Bootkit sample from real-life attack. Be careful about tweaking the sample for research purpose.
Password: danger
| Malware/Bootkits | Disclosure date | 1st blood | Infection type | Targeted OS | Malware “vendor” |
|---|---|---|---|---|---|
| Vector-EDK (Leaked source code) | 2015 | 2014 | DXE | ? | HackingTeam |
| DerStarke | 2016 | 2013? | DXE | Windows/Linux/MacOS | Vault7 |
| QuarkMatter | 2016 | 2013? | ESP | Windows/Linux | Vault7 |
| LoJaX | 2018 | 2017 or earlier | DXE | Windows | APT28 |
| TrickBot/TrickBoot | 2020 | 2017 | DXE | Windows | N/A |
| FinSpy | 2021 | 2011 | MBR/ESP | Windows/Linux/MacOS | N/A |
| ESPecter | 2021 | 2012/2020 | MBR/ESP | Windows | N/A |
| Rovnix (Leaked source code) | 2011 | ? | MBR/VBR | Windows | N/A |
| MosaicRegressor | 2020 | ? | DXE | Windows | N/A |
| Implant.ARM.iLOBleed.a | 2021 | ? | BMC | Linux | N/A |
| MoonBounce based on Vector-EDK | 2021 | ? | DXE | Windows | APT41 |
| Conti leaked chat | 2021 | ? | CSME via undocumented HECI, SMM | Windows/Linux/? | Conti group |
HardenedVault is mainly focus on figuring out the infection stage of bootkits, which is crucial to work on security features for defense in VaultBoot.
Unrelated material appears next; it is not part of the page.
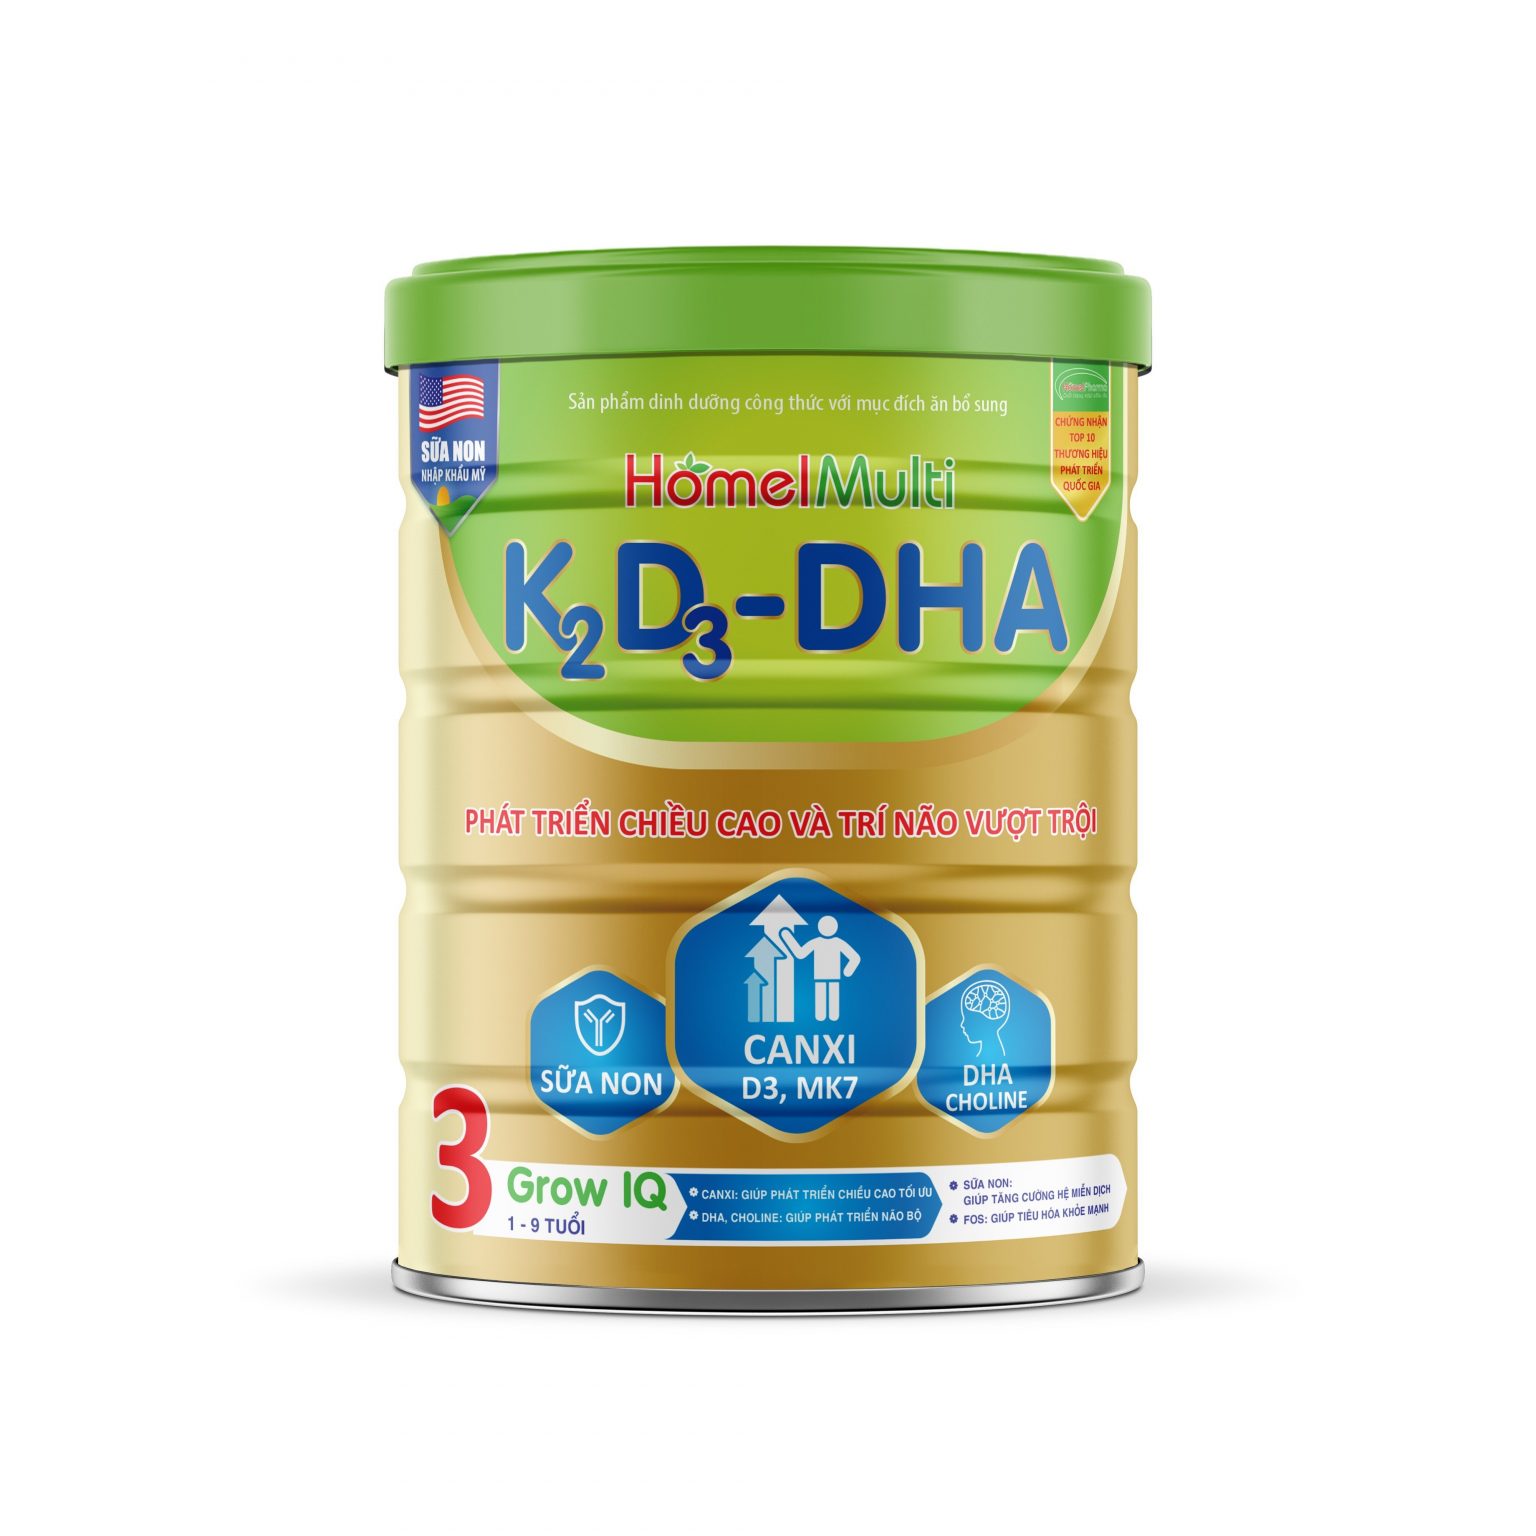 K2D3 - DHA Grow IQ - Phát Triển Chiều Cao Và Trí Não Vượt Trội

A typical malicious firmware may check if the security protections are set and implant (write) the bootkits into SPI flash if they're not set correctly (e.g. Write protection is not set, etc). If security protections are set properly, malicious firmware might achieve the persistent by utilizing exploits (e.g. CVE-2014-8273). Bootkits usually targeted MBR/ESP in the early 2010s, but as the cost of firmware attack decreased rapidly, the modern bootkits started to target DXE or even PEI.